● **WHAT TO PRODUCE**: Everything from the line holding "Le SKI. Hat RED-WHITE" through the last line of the records should be repeated word for word, and pictures should be omitted.

━━━━━ DATA LISTING ━━━━━

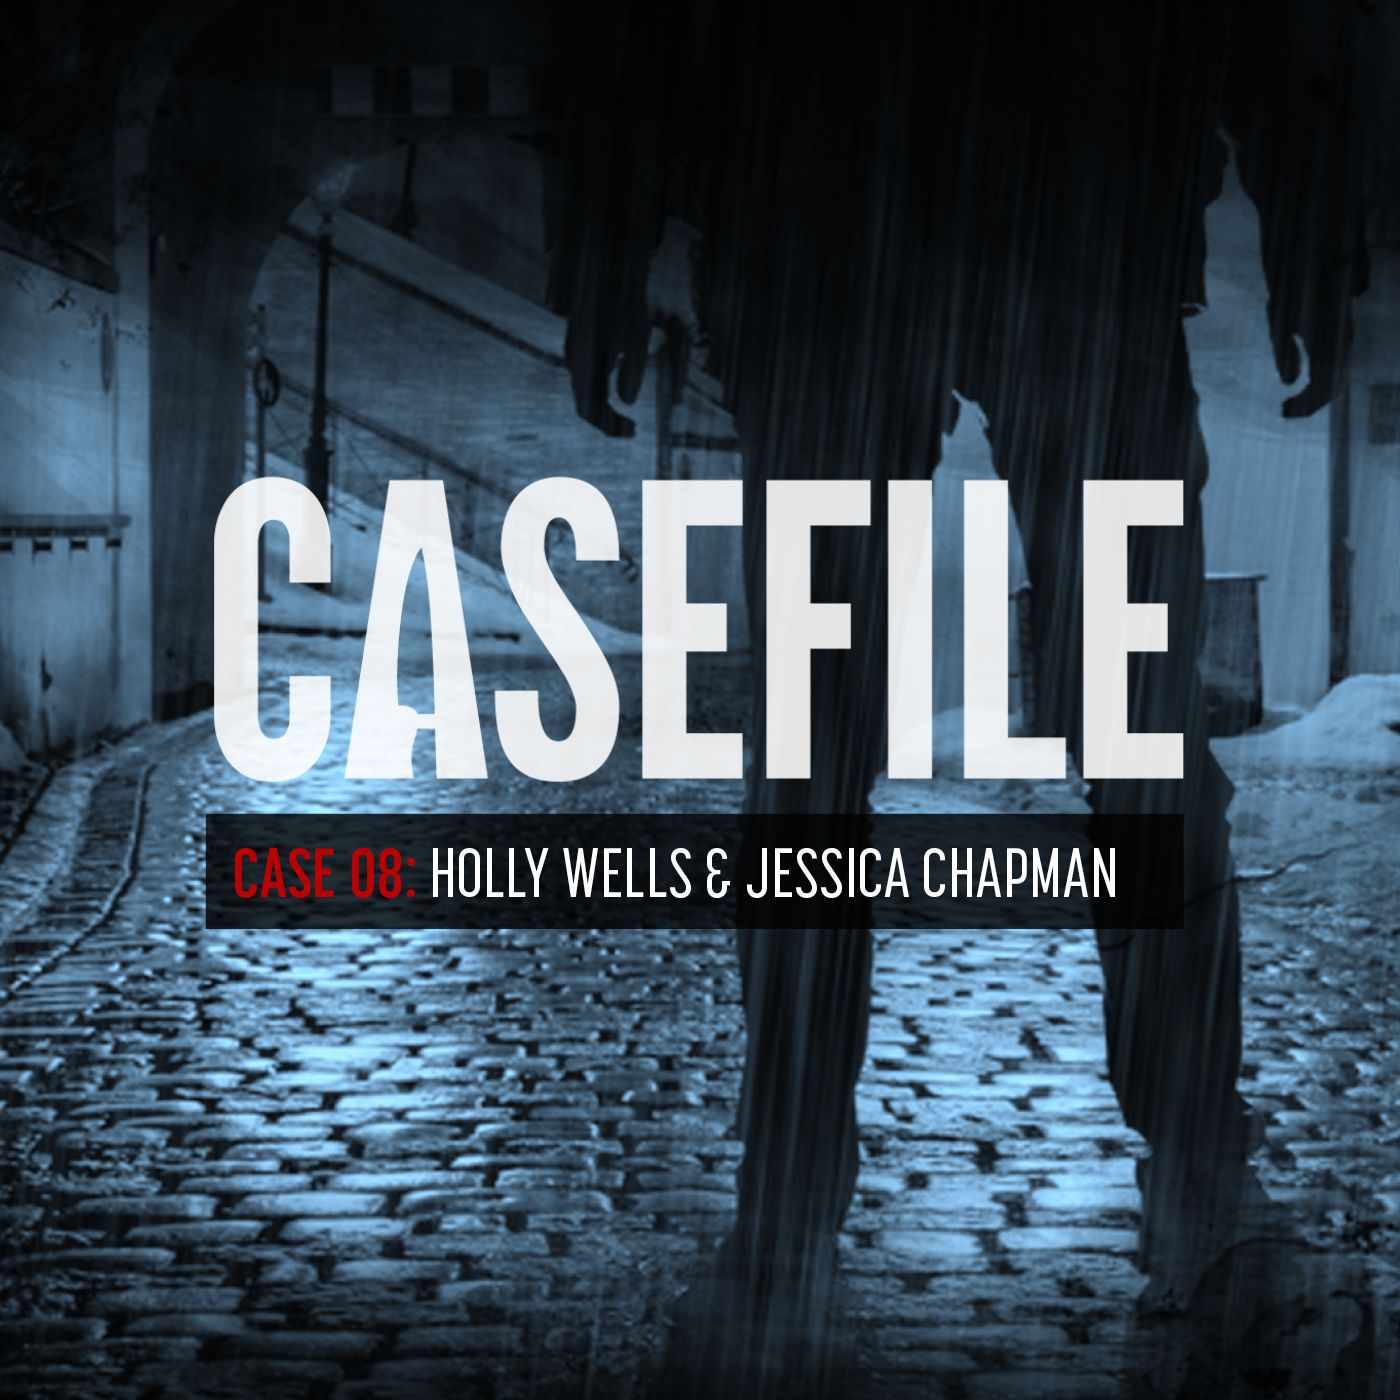 Case 08: Holly Wells & Jessica Chapman
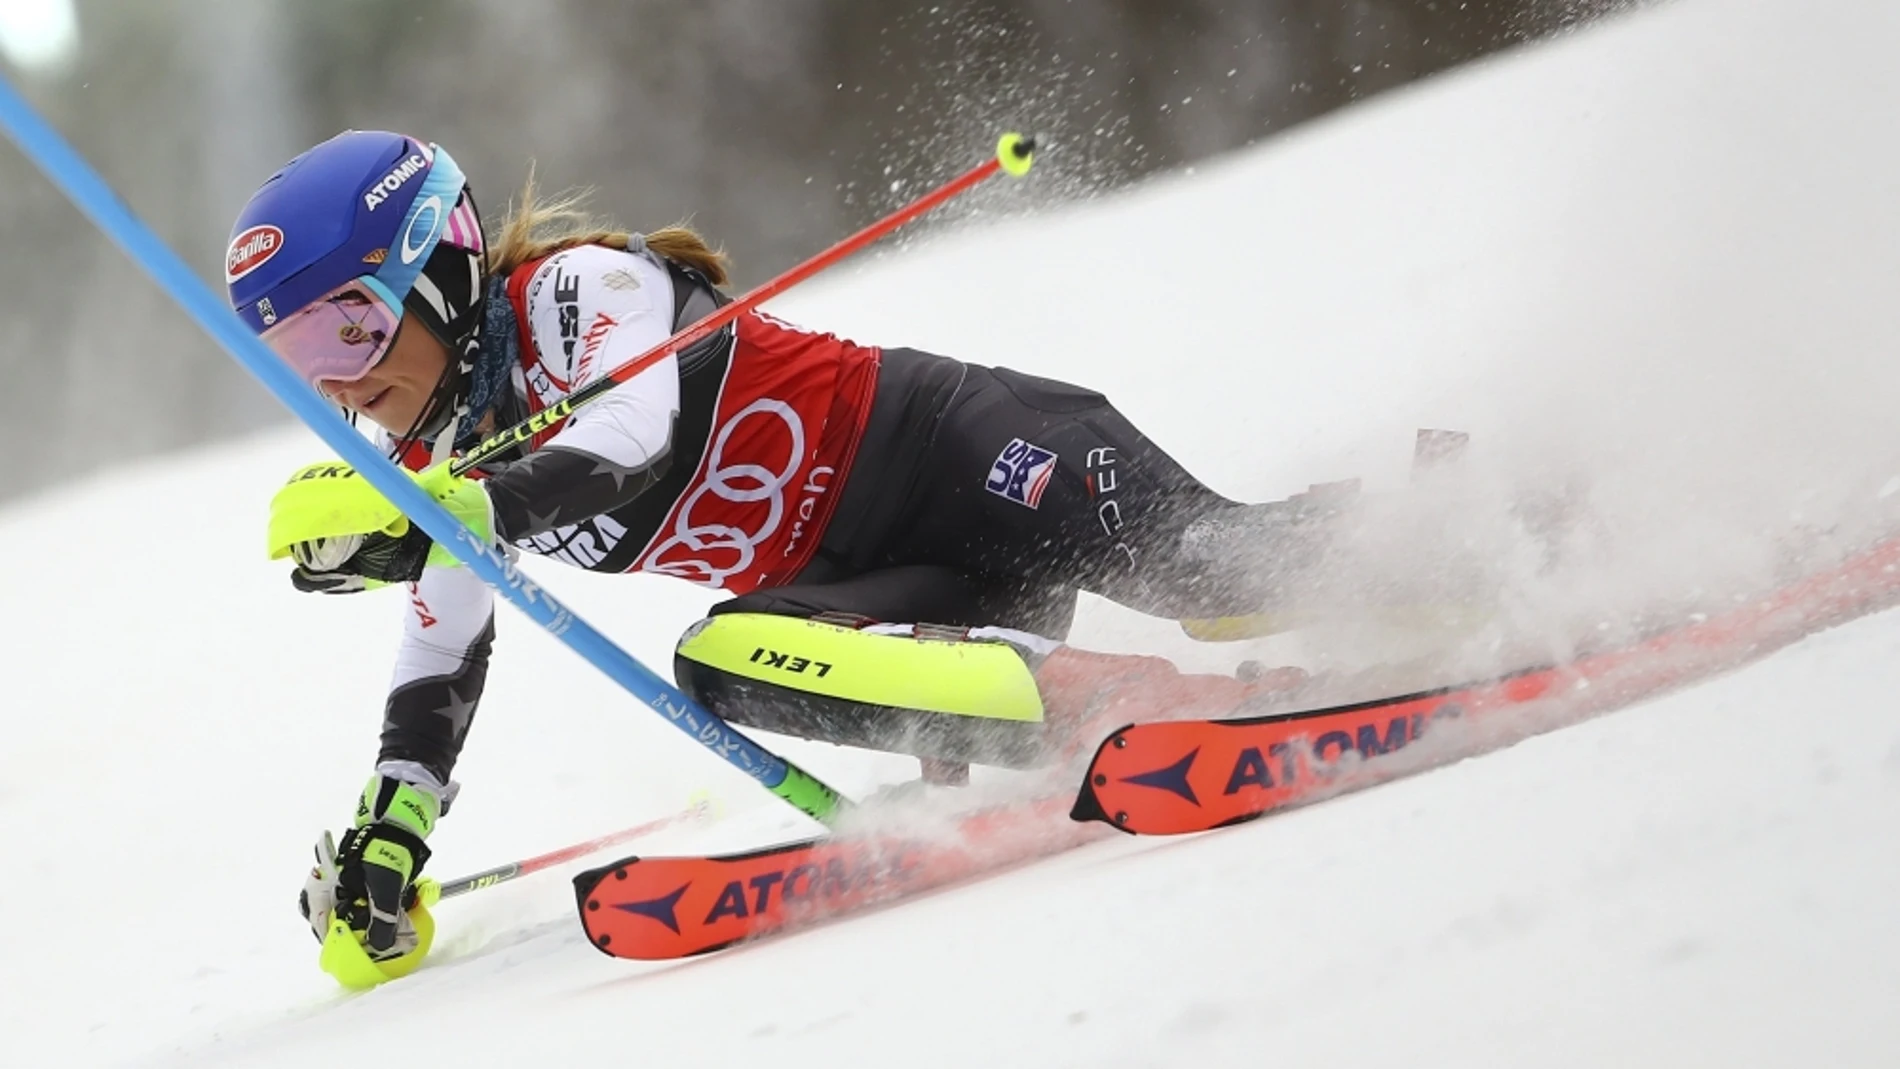 Espectacular imagen de Mikaela Shiffrin en la prueba de slalom celebrada en Zagreb
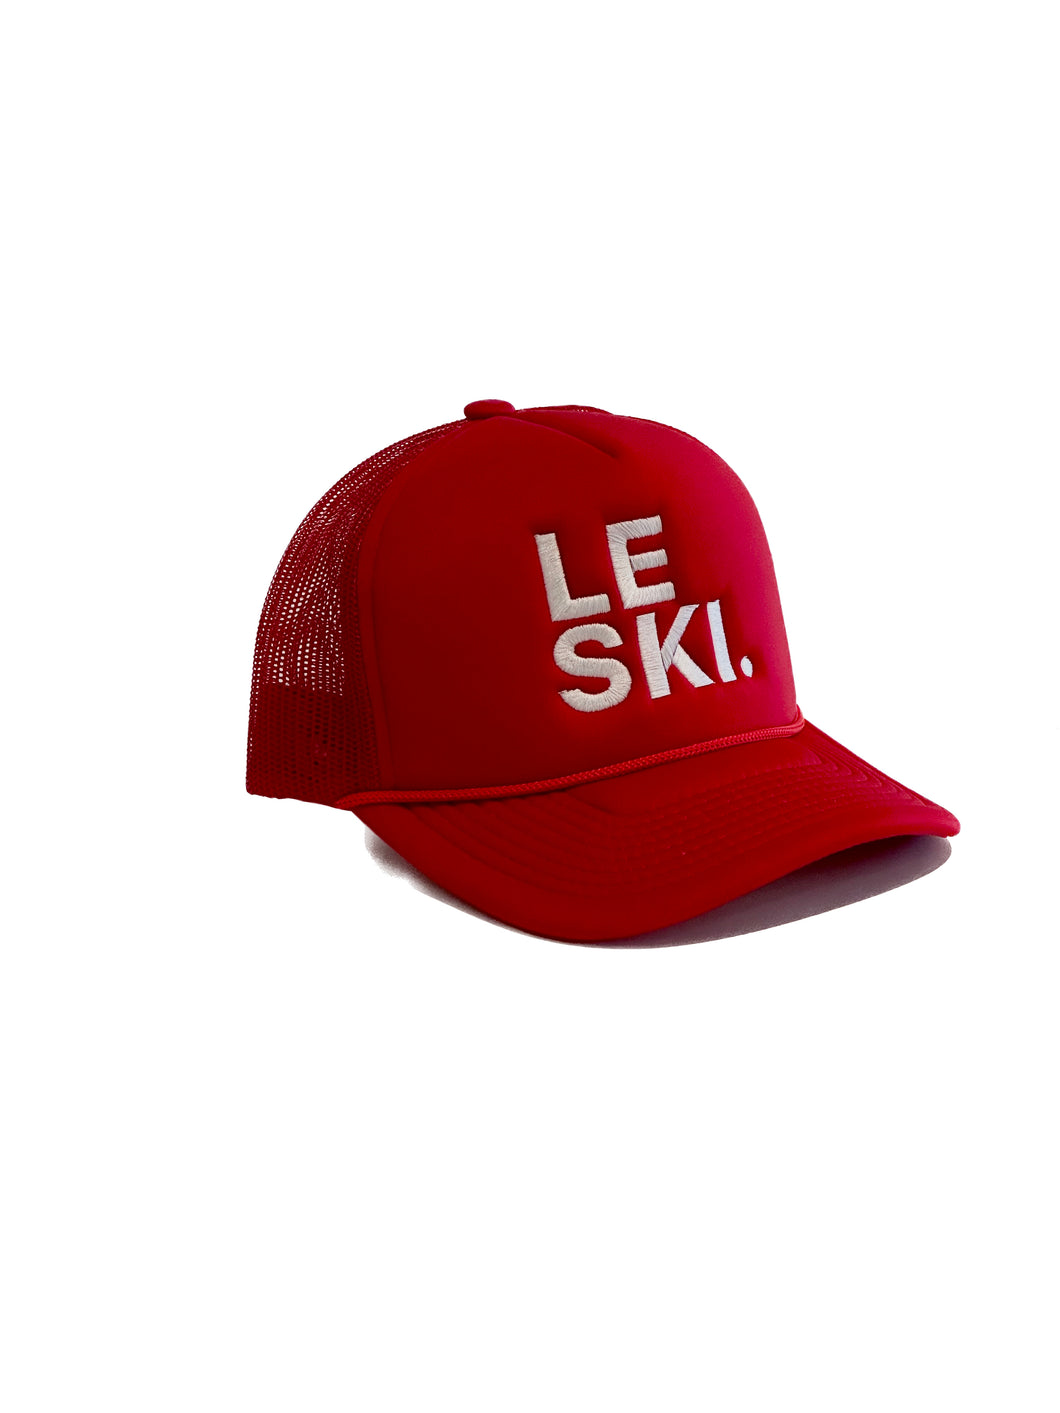 Le SKI. Hat RED-WHITE
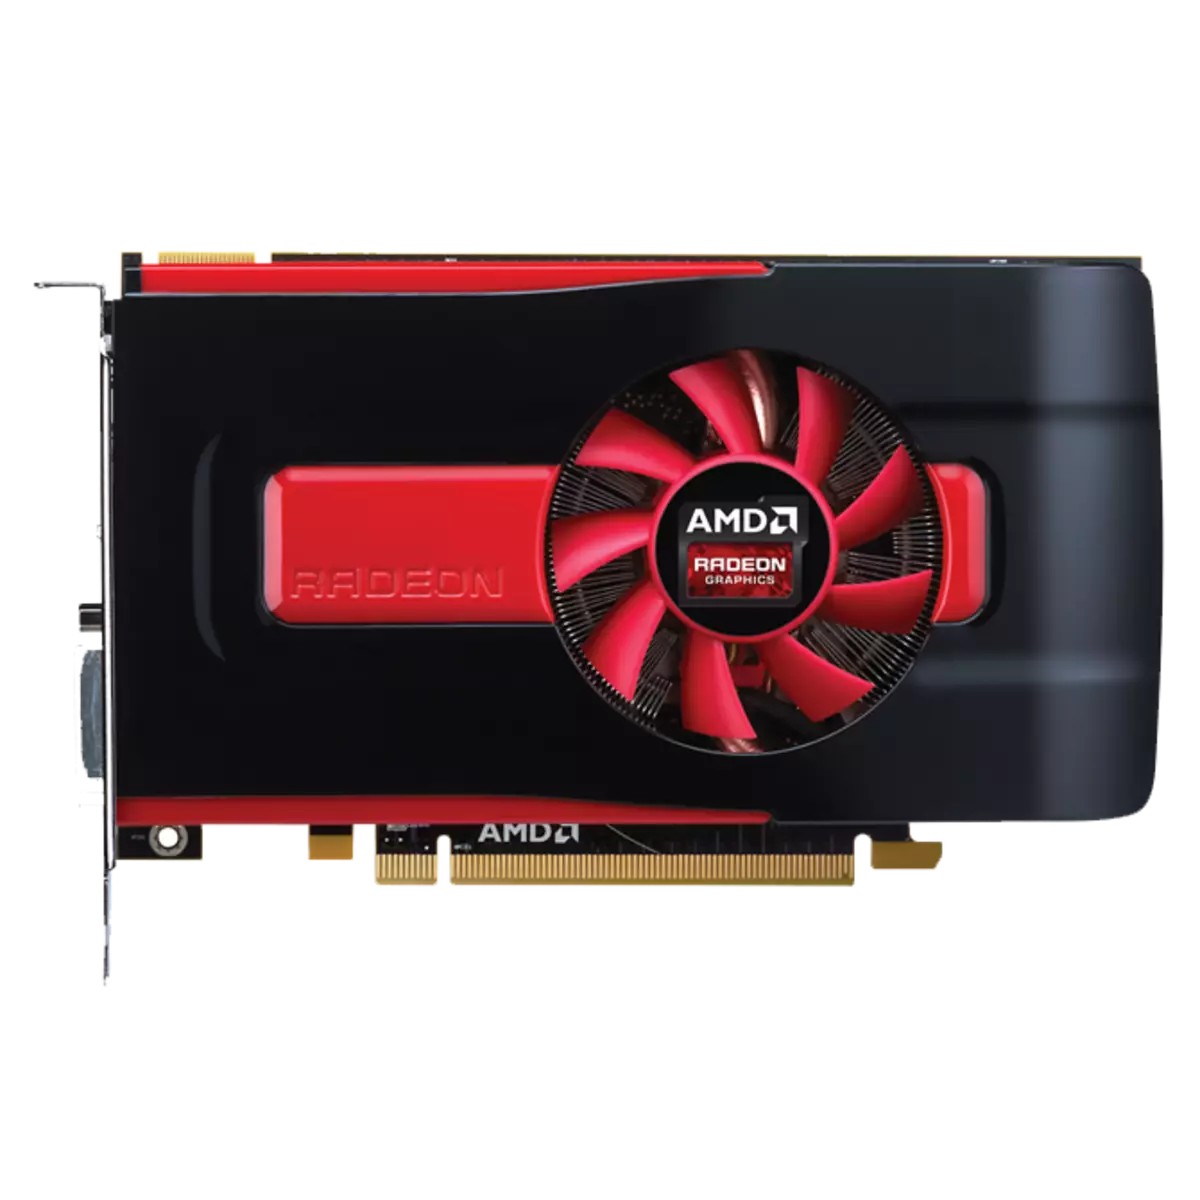 Baixar drivers para a série AMD Radeon HD 7700
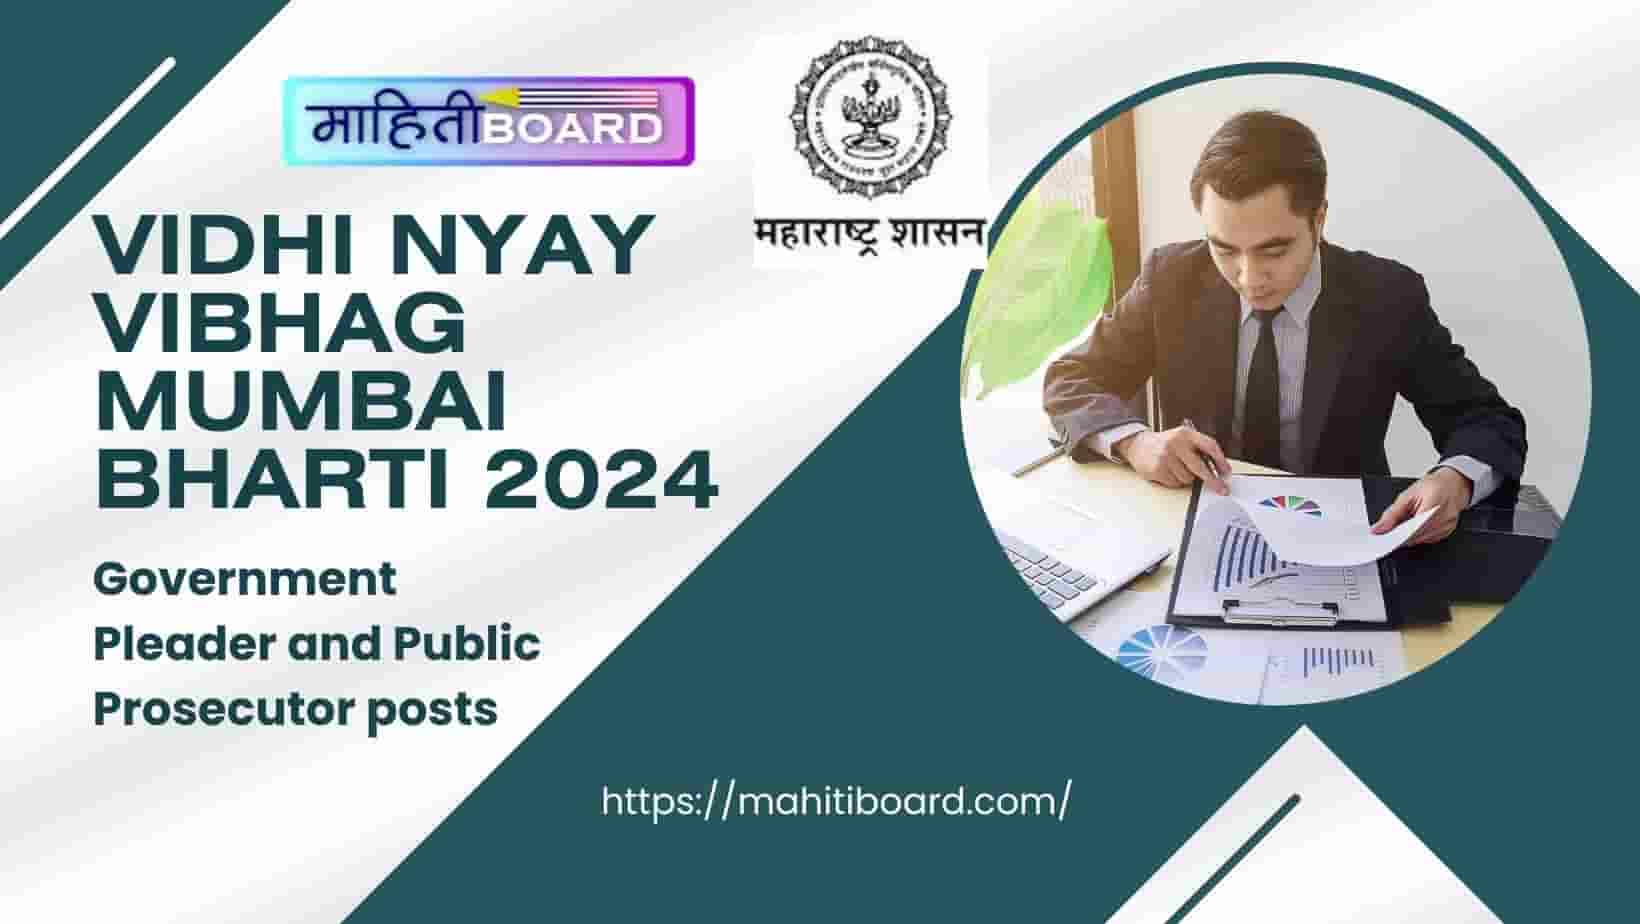 Vidhi Nyay Vibhag Mumbai Bharti 2024

━━━━━

● **EXERCISE RESPONSE**:
 Le SKI. Hat RED-WHITE
 Baixar drivers para a série AMD Radeon HD 7700
 Vidhi Nyay Vibhag Mumbai Bharti 2024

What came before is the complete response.